DSM-5 displays none of this thinking. It remains a field guide organized by symptoms, clustered in categories that can expand without limit. Official, APA-approved psychiatry seems to lack the will to change. It justifies its stagnation not only by reminding its members of the chaos of the 1970s but by claiming that the U.S. health system would not pay psychiatrists if they tried to know their patients the way that they could and should.
DSM-5 is a missed opportunity to advance the discipline, instruct the public and encourage financial support for needed psychiatric services.
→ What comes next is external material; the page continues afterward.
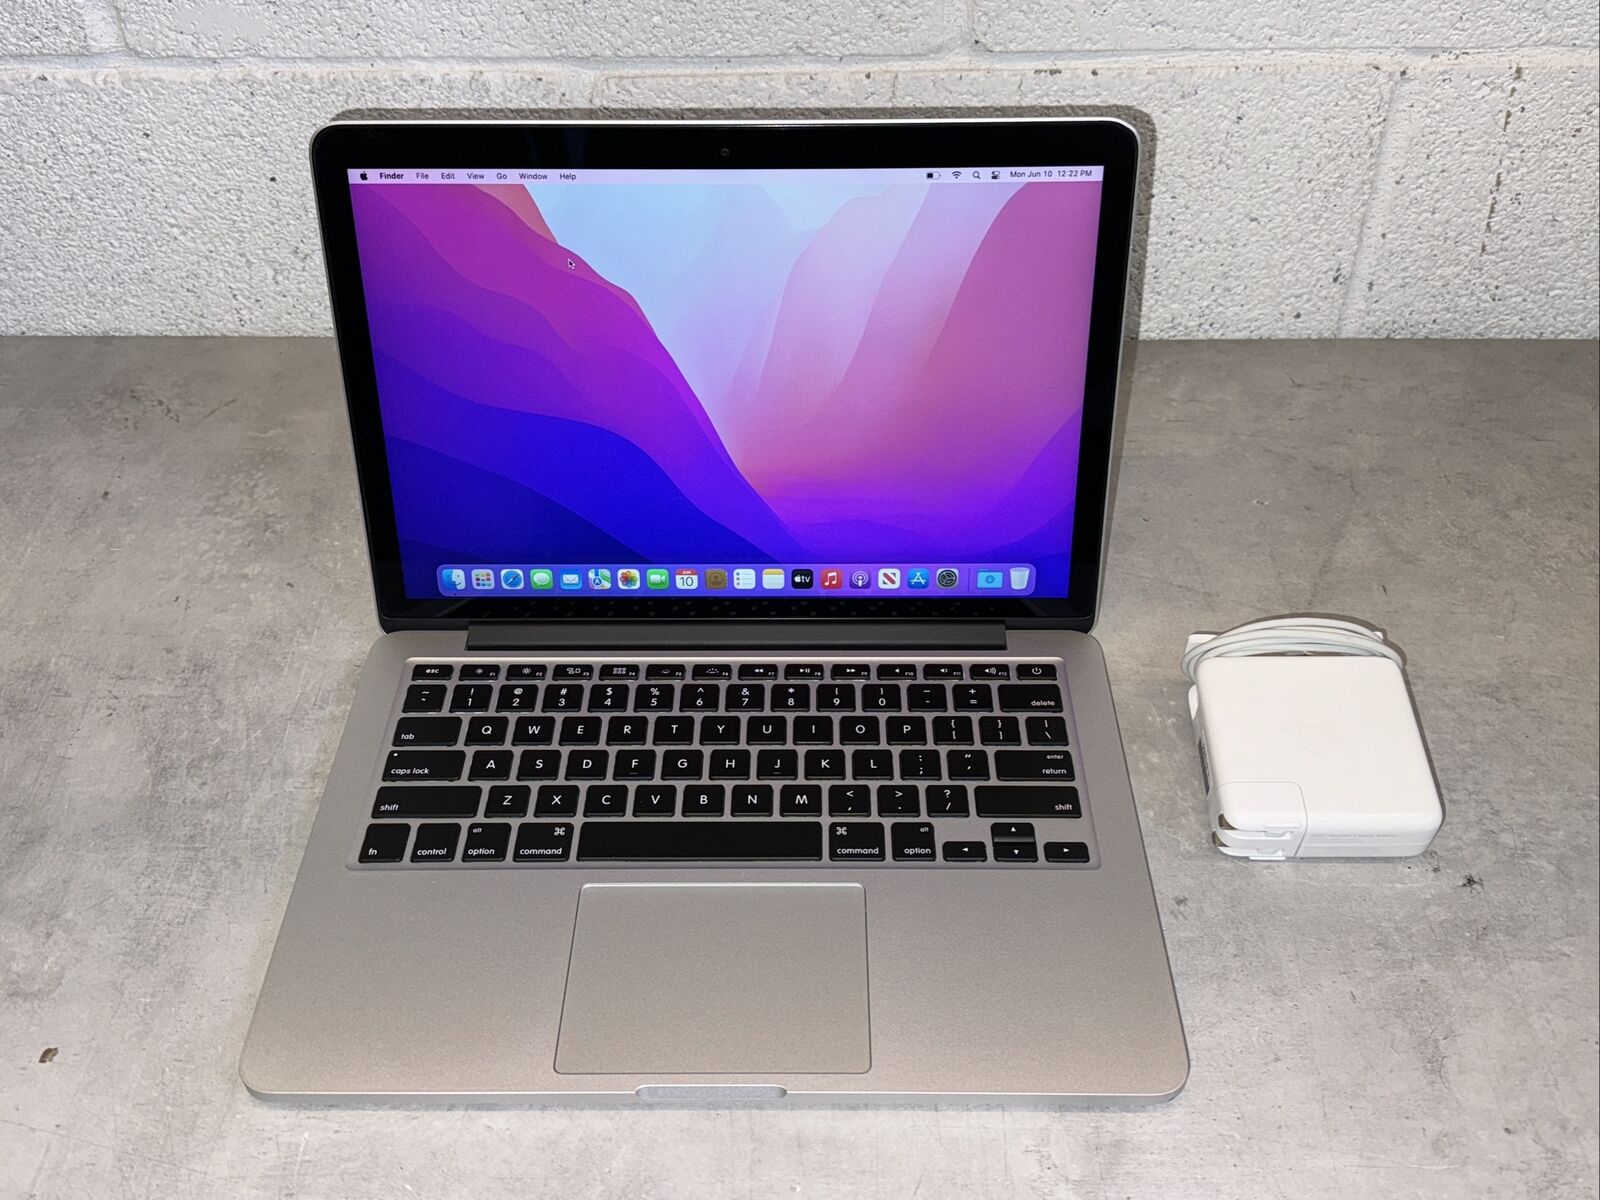 Apple MacBook Pro (13-inch, Mid 2015) | Intel Core i5 | 8 GB Ram | 128 GB SSD

Its editors seem willing to waste another decade before dispersing the mysteries of psychiatry and bringing practitioners and patients together in understanding what they are doing and why.
This WSJ article starts with a critique of the version of psychoanalysis that dominated psychiatry in the pre-1980 days and why things needed to change. In spite of being an analyst myself, most of what he had to say are things I generally agree with, but I thought Dr. McHugh’s description of the post-1980 state of play was exceptional [above]. While critical, he’s fleshed out the essential elements in a clear and concise way and points to a rational alternative.
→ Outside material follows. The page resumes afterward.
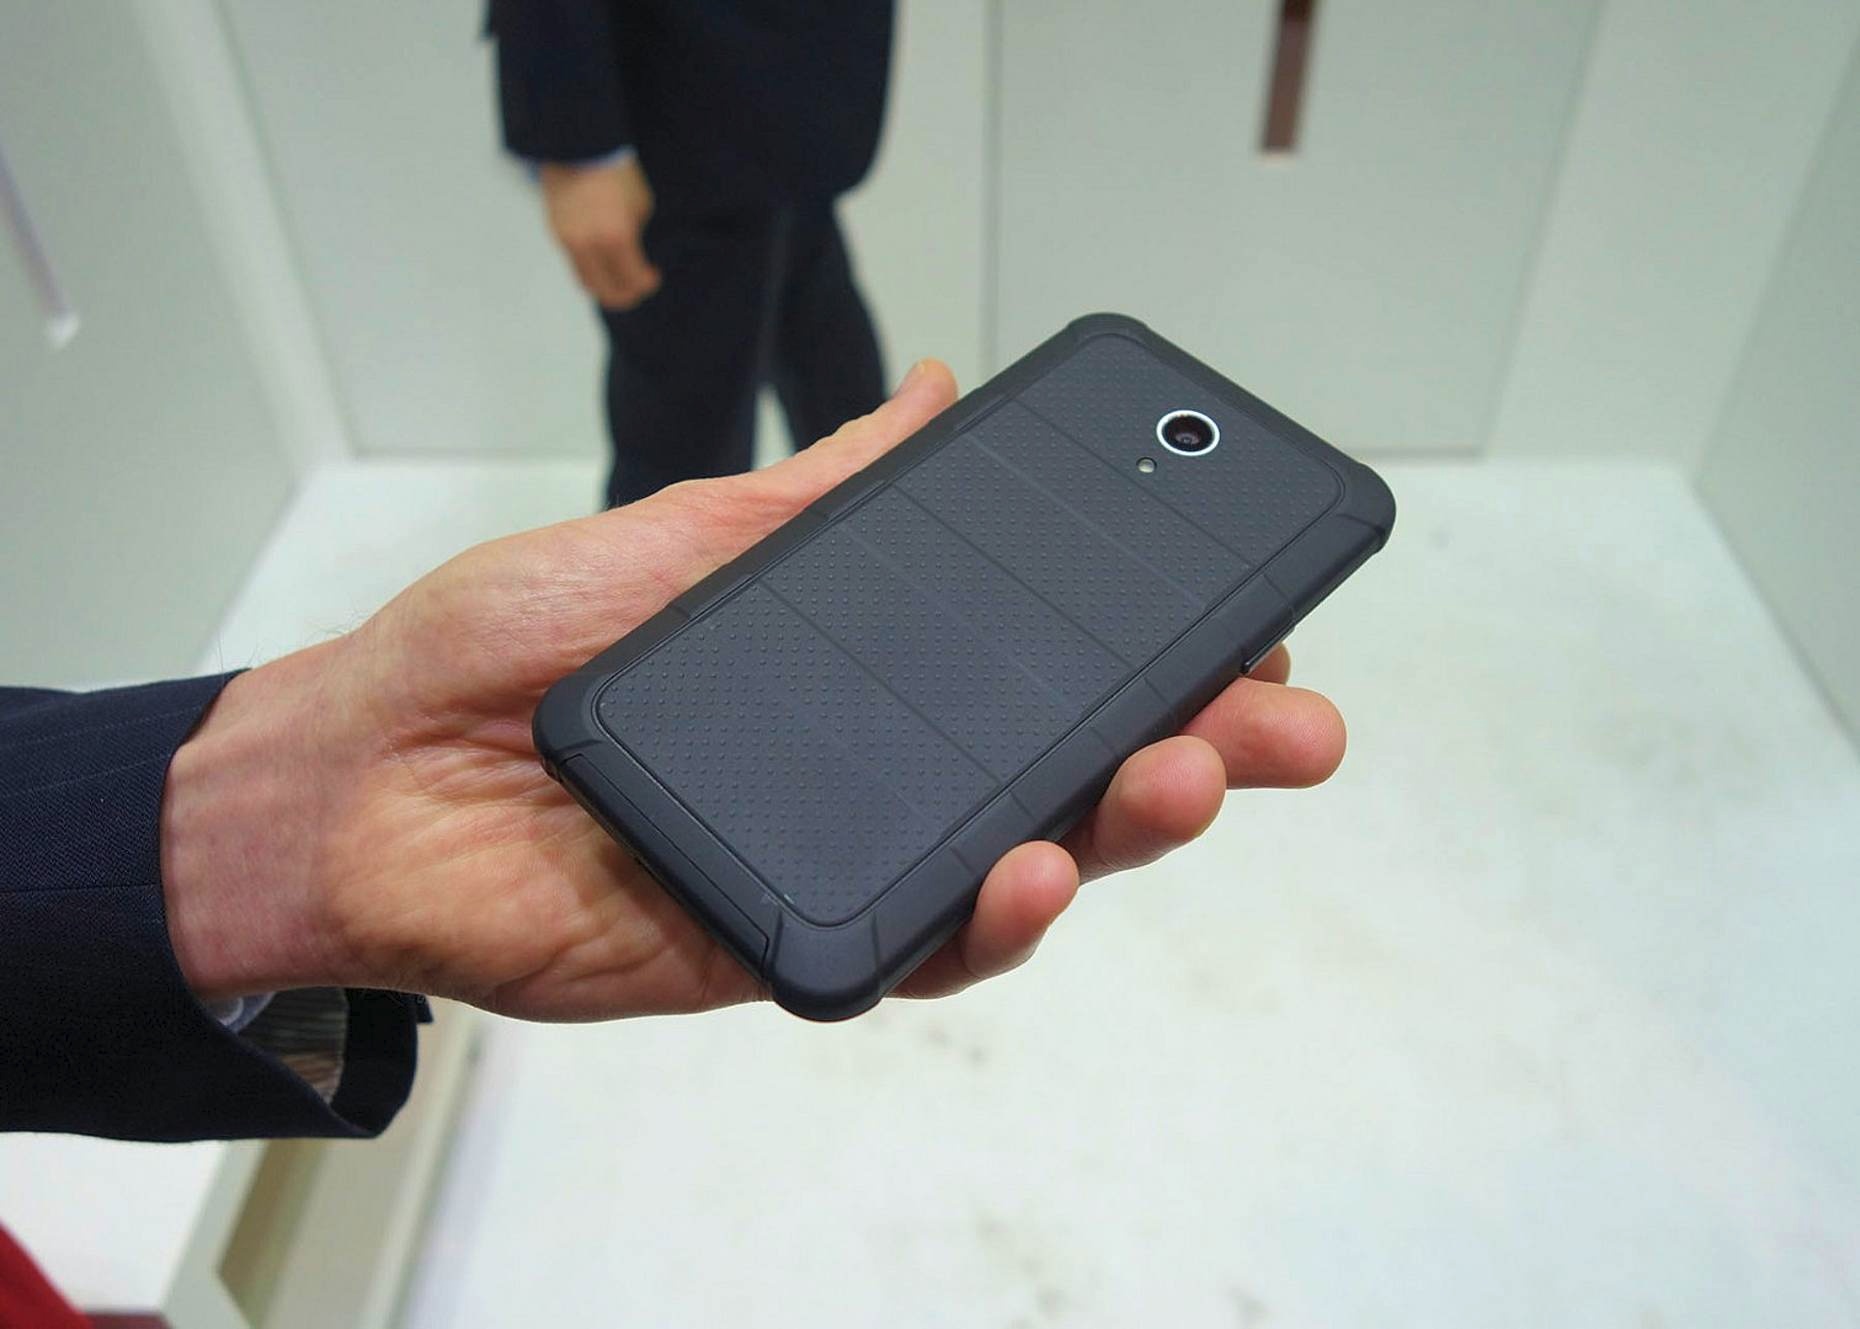 Пылевлагозащищённый ударопрочный корпус смартфона Kyocera (фото: David Nield/Gizmag).

DSM-5 is a missed opportunity to advance the discipline, instruct the public and encourage financial support for needed psychiatric services. Its editors seem willing to waste another decade before dispersing the mysteries of psychiatry and bringing practitioners and patients together in understanding what they are doing and why.
Algorithms
I never fully understood…
Maybe the idea was that if the public couldn’t be fooled with bogus biochemistry on the medical science side of things, it might be time to wheel in some hardcore algorithms o the mathematical science side of the equation…
Kind of a two-fer?
Is that what it was?
I could never really get my head around it.
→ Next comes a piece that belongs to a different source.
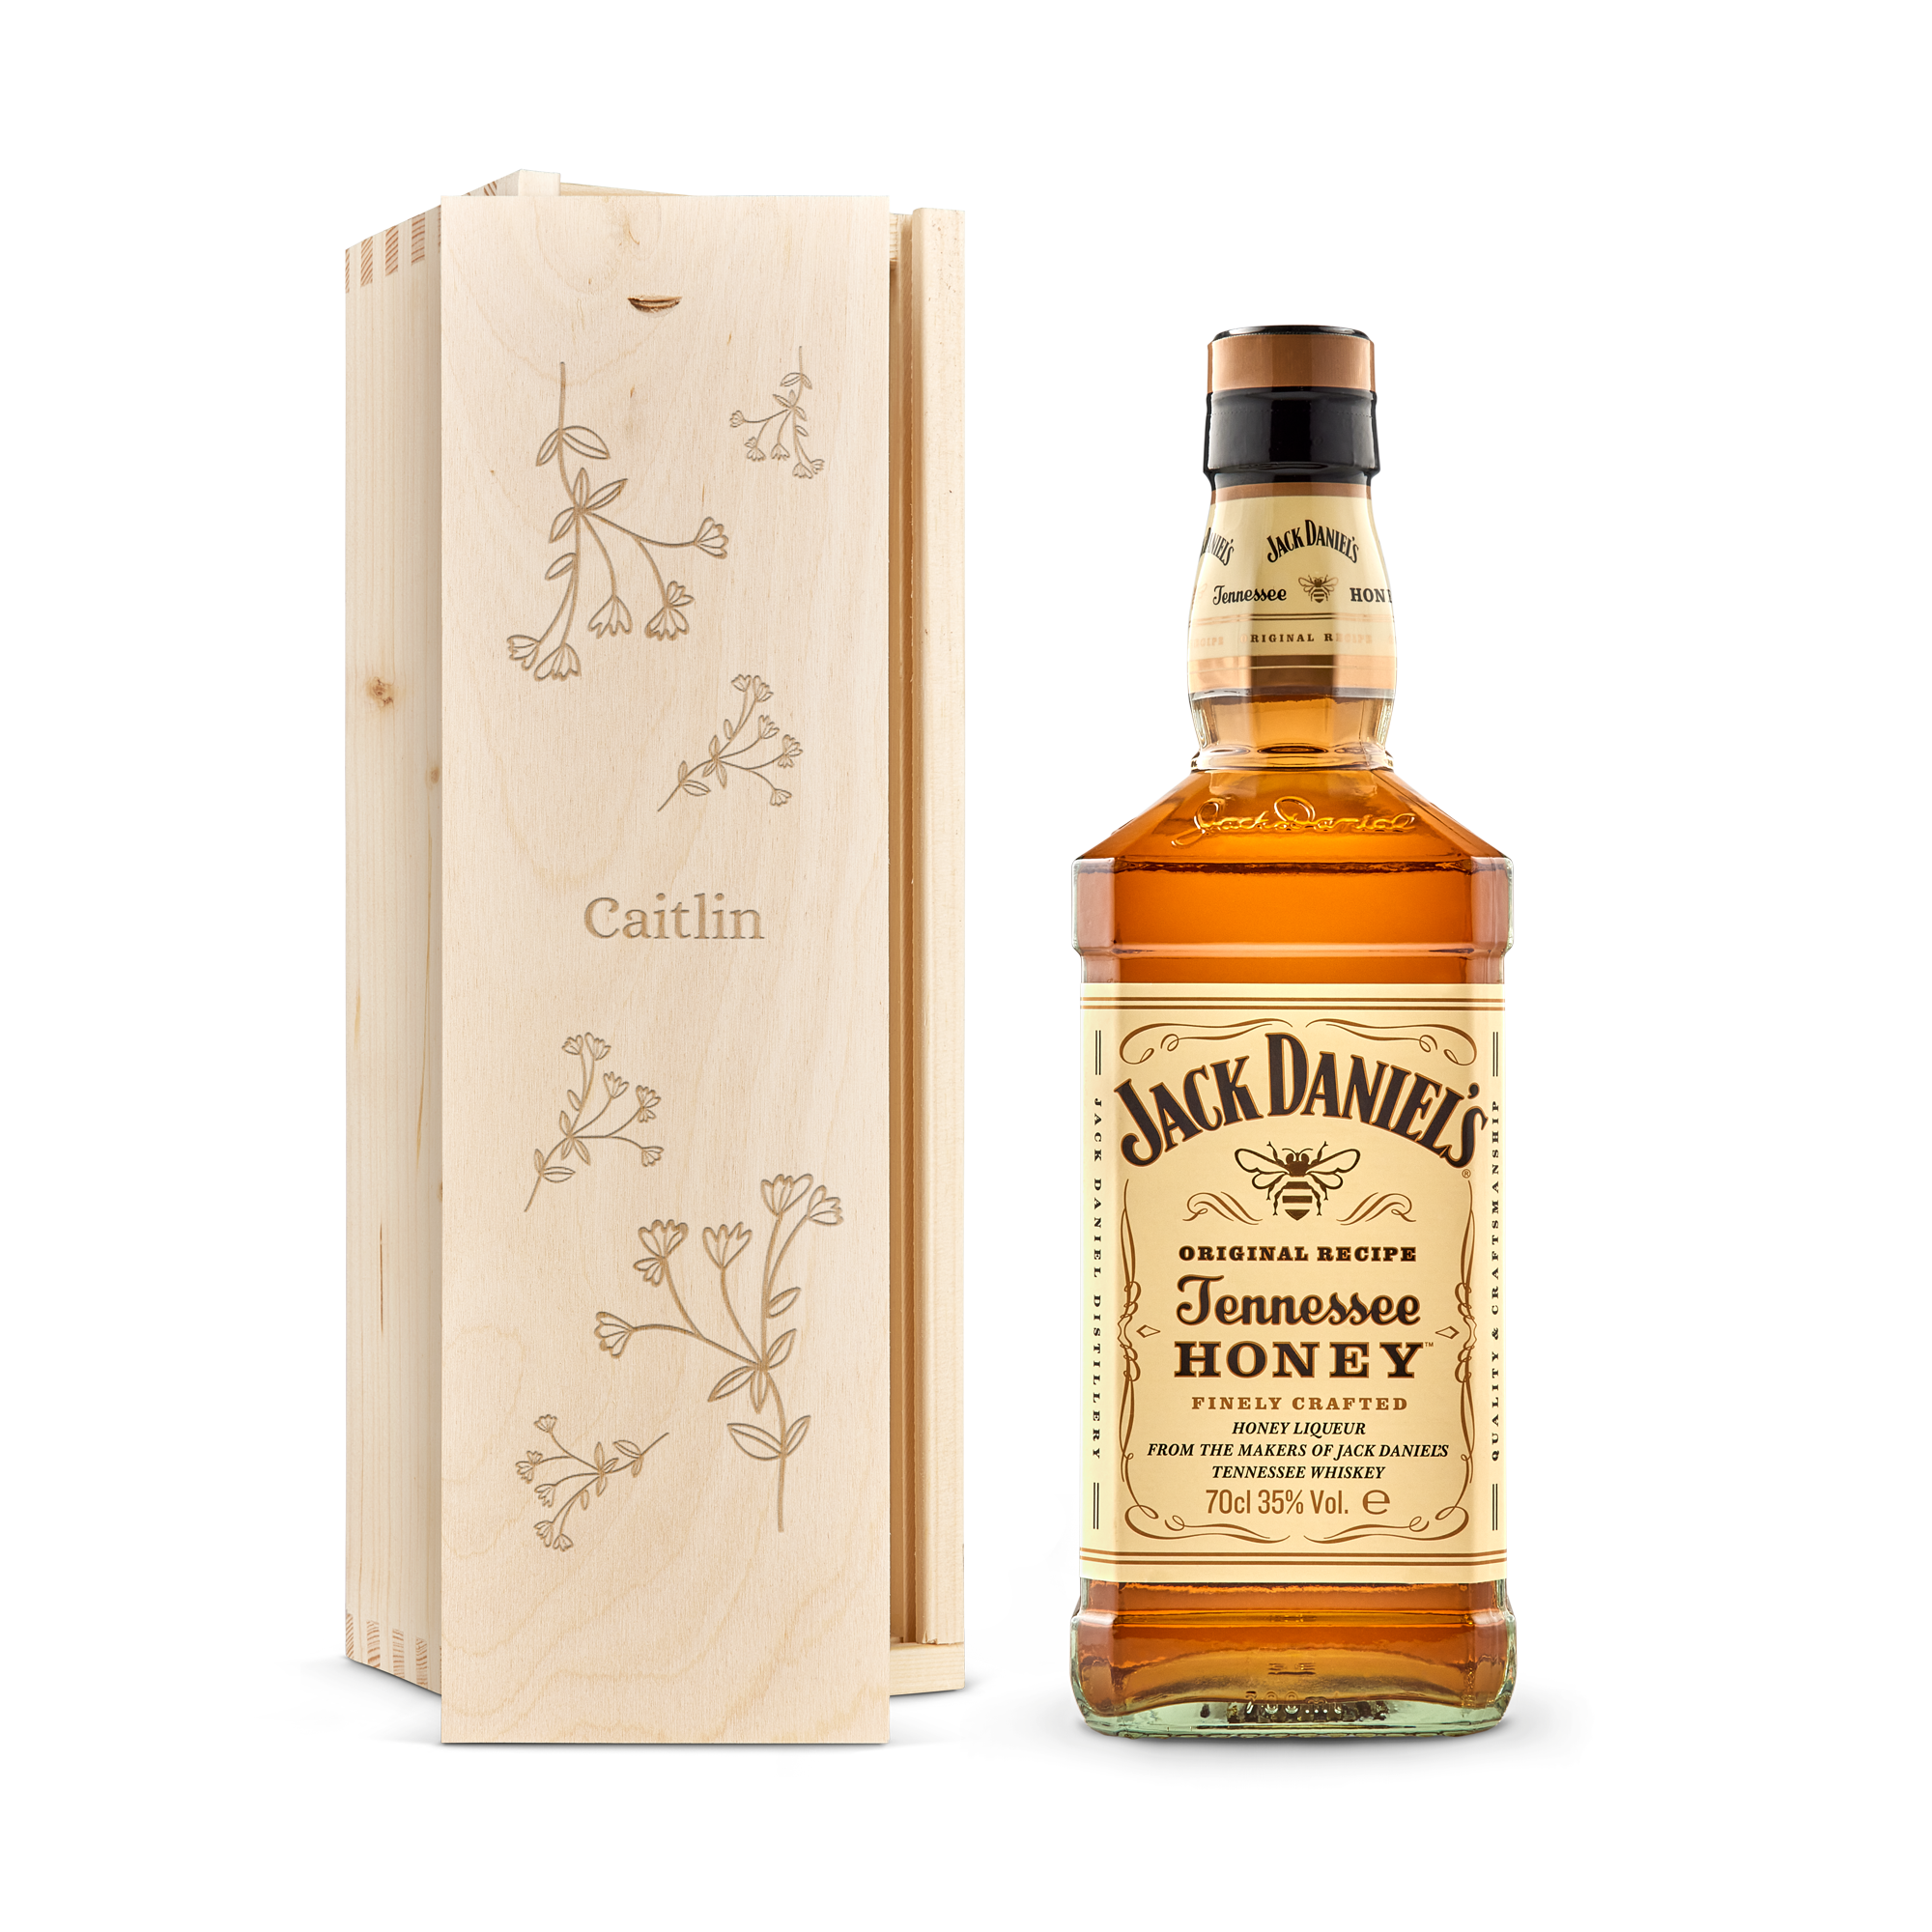 Whisky - Jack Daniel's Honey

Slide rules with psychoactive drugs…
I read about it.
Here in Texas it made the big time…
TMAP, all over the news.
But it never impressed me.
I grew up watching the early NASA missions on a black-and-white television set.
At an early age, I appreciated real science.
“Houston”
Duane
Duane
oops, apologies for the duplicate signature
“I’ve grown weary of being so negative.”
I do not consider a sober, nuanced, thoughtful critic negative. On the contrary! But I believe I can understand and sympathize with the weariness.
We are social beings in need of understanding and meaning, I think. To gradually (feel compelled to) face, research and somehow see the many hidden lies in one’s society, family, oneself, is the hardest work. Few of us do it unless the needs are greater than our defenses, I think. Therefore your blog, dr Nardo, is emminently valuable as a demonstration of an honest person’s quest for greater clarity and understanding in a field muddied by the layers of dirt left through the ages by shortsighted, selfish, weak and ambitious men.